**TO DO:**
Go to the line with "Super Sale-A Kate" in the material below and copy from there through the line with "Gözüoğlu Apartmanı /", exactly. Pictures are not copied.

**RECORDS SUPPLIED:**
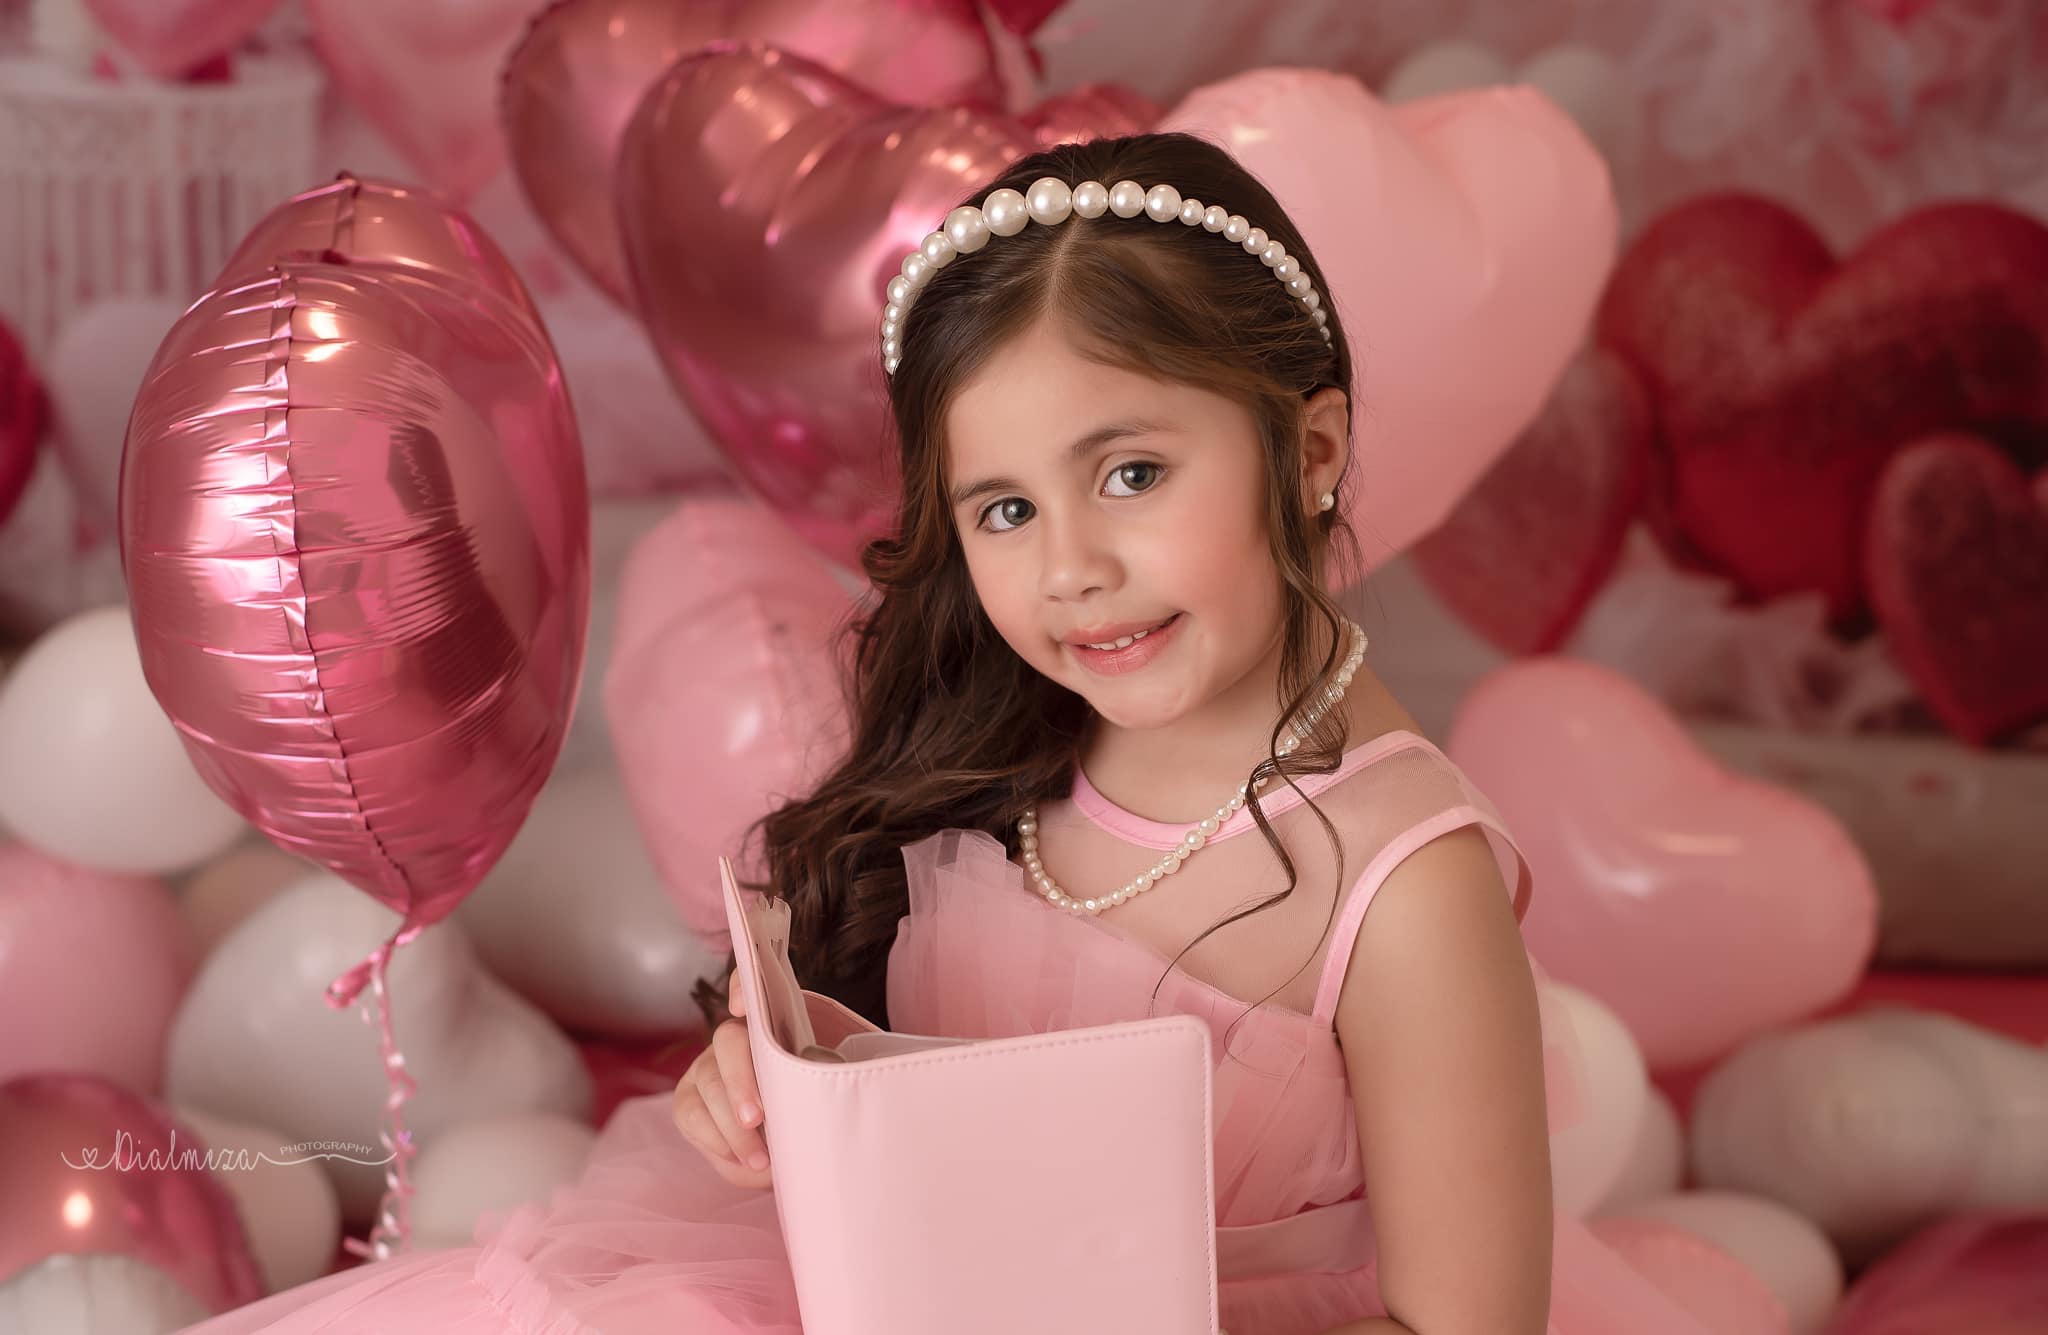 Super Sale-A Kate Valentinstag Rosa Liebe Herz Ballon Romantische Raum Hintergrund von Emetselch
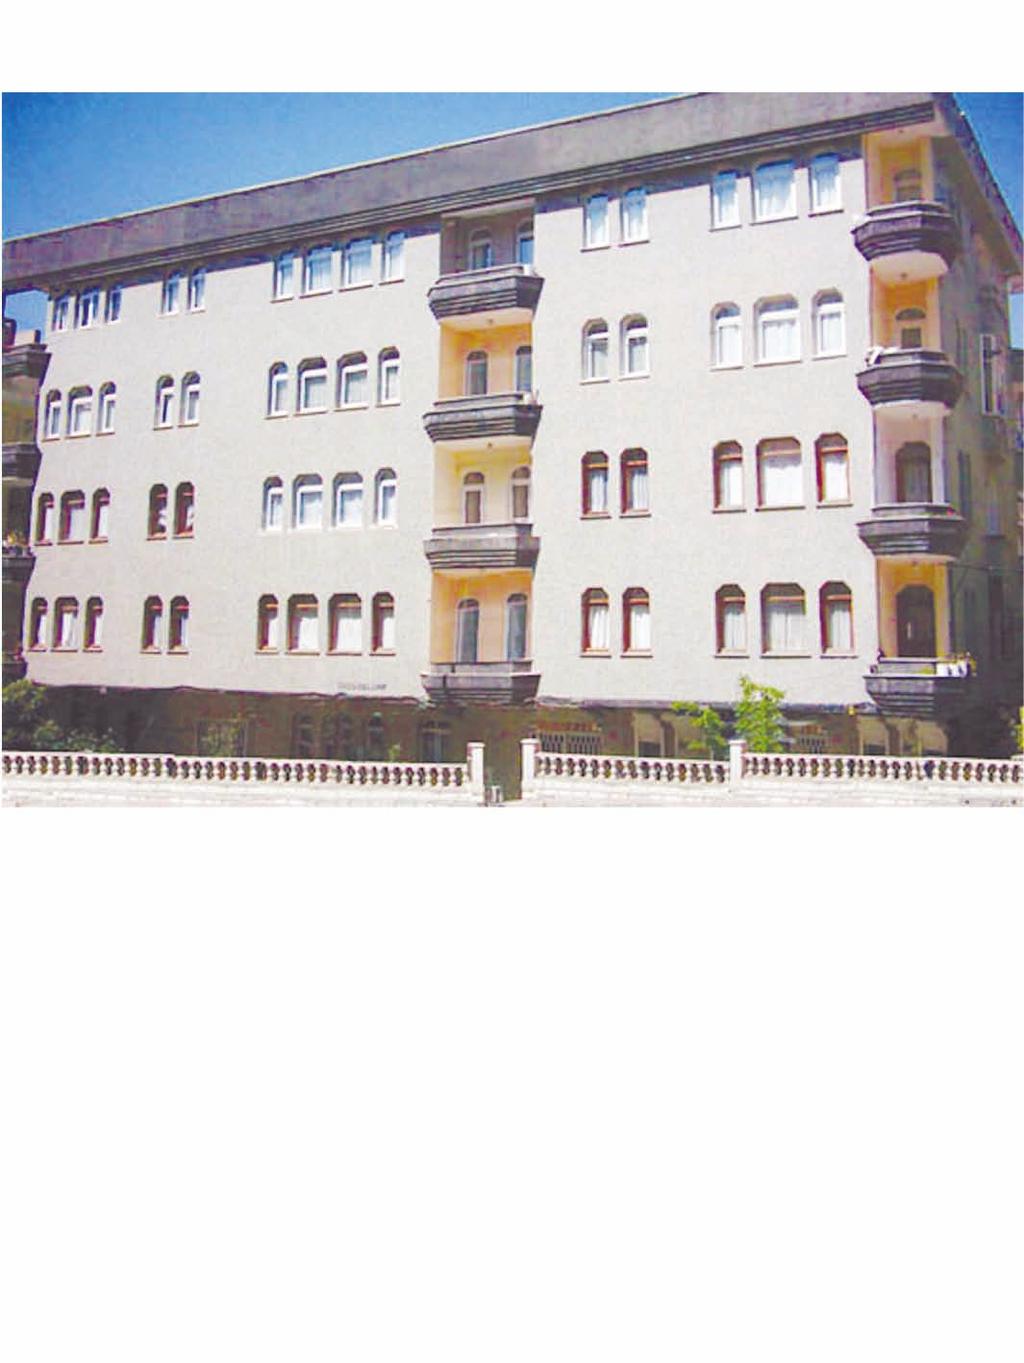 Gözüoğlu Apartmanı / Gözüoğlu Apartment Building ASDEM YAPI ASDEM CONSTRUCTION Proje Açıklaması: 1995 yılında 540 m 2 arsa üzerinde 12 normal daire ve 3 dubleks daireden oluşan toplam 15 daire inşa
==
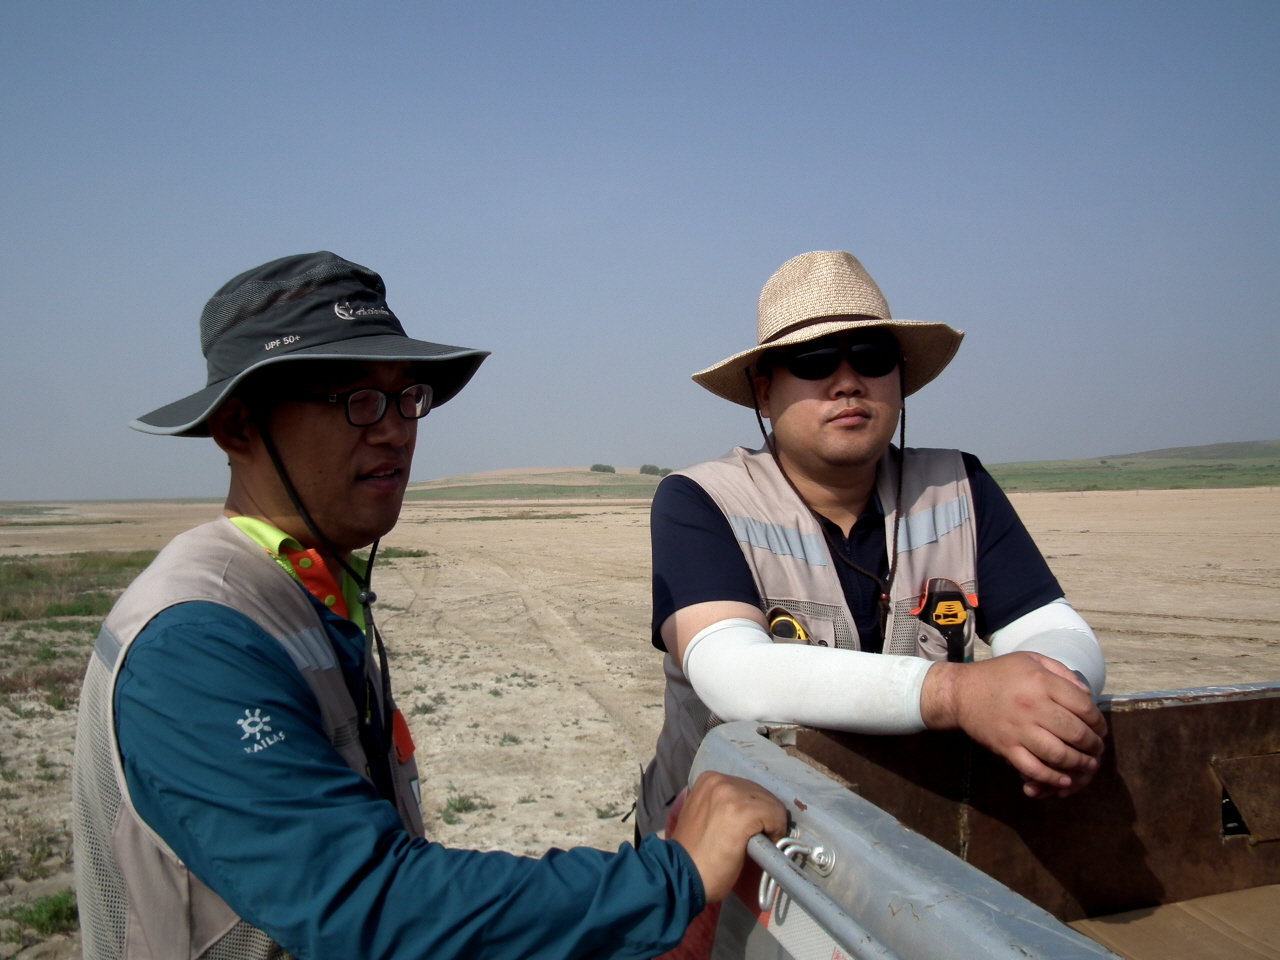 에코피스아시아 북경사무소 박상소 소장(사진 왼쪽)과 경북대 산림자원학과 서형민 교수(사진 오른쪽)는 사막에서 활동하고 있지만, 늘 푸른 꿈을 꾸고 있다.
---
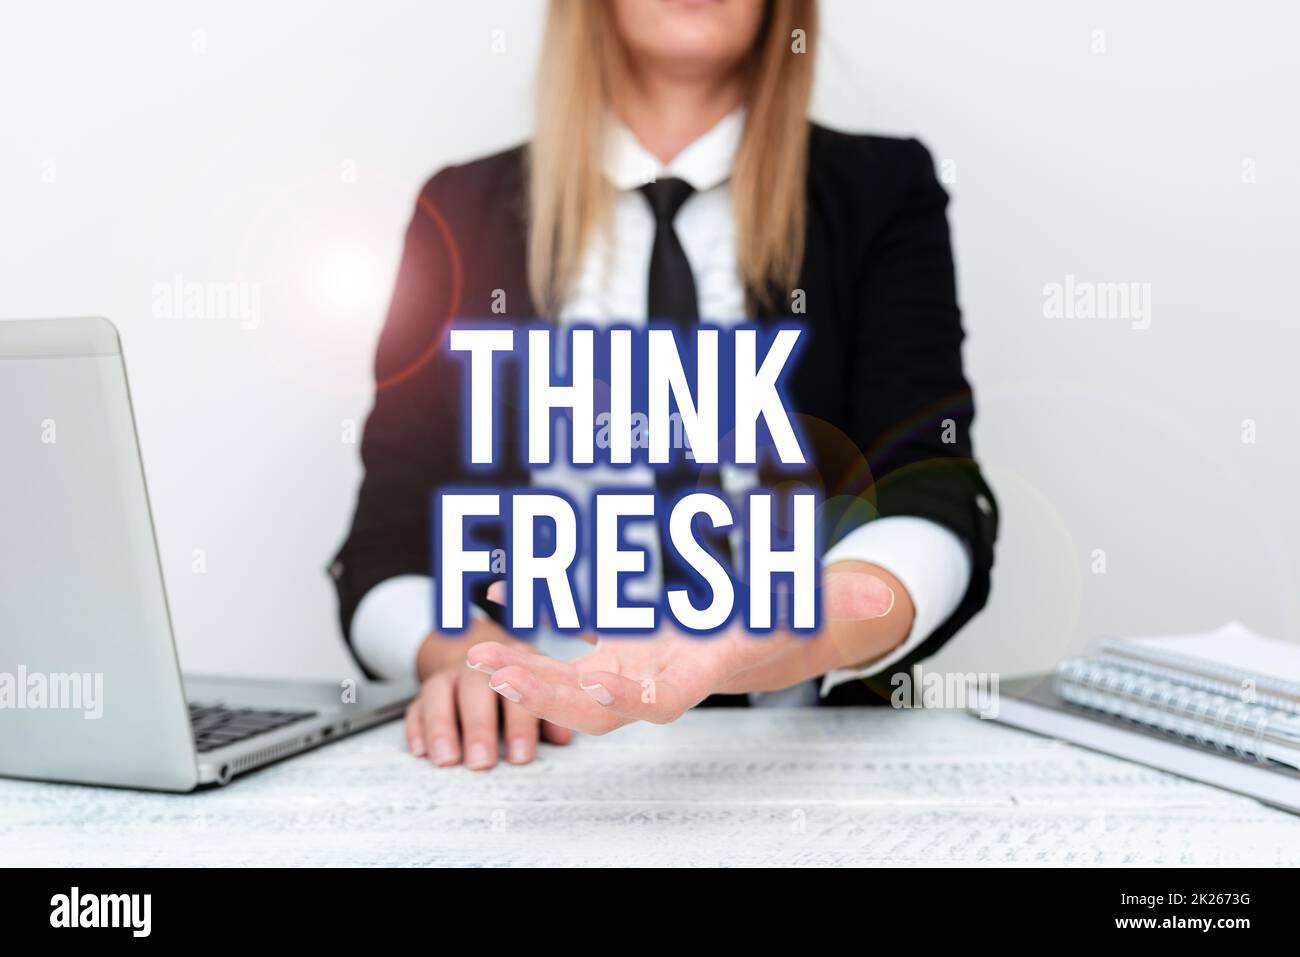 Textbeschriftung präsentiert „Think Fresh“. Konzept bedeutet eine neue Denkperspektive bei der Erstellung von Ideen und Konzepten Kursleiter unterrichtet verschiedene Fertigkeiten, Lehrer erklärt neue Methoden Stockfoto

**RESPONSE AREA:**
 Super Sale-A Kate Valentinstag Rosa Liebe Herz Ballon Romantische Raum Hintergrund von Emetselch
 Gözüoğlu Apartmanı / Gözüoğlu Apartment Building ASDEM YAPI ASDEM CONSTRUCTION Proje Açıklaması: 1995 yılında 540 m 2 arsa üzerinde 12 normal daire ve 3 dubleks daireden oluşan toplam 15 daire inşa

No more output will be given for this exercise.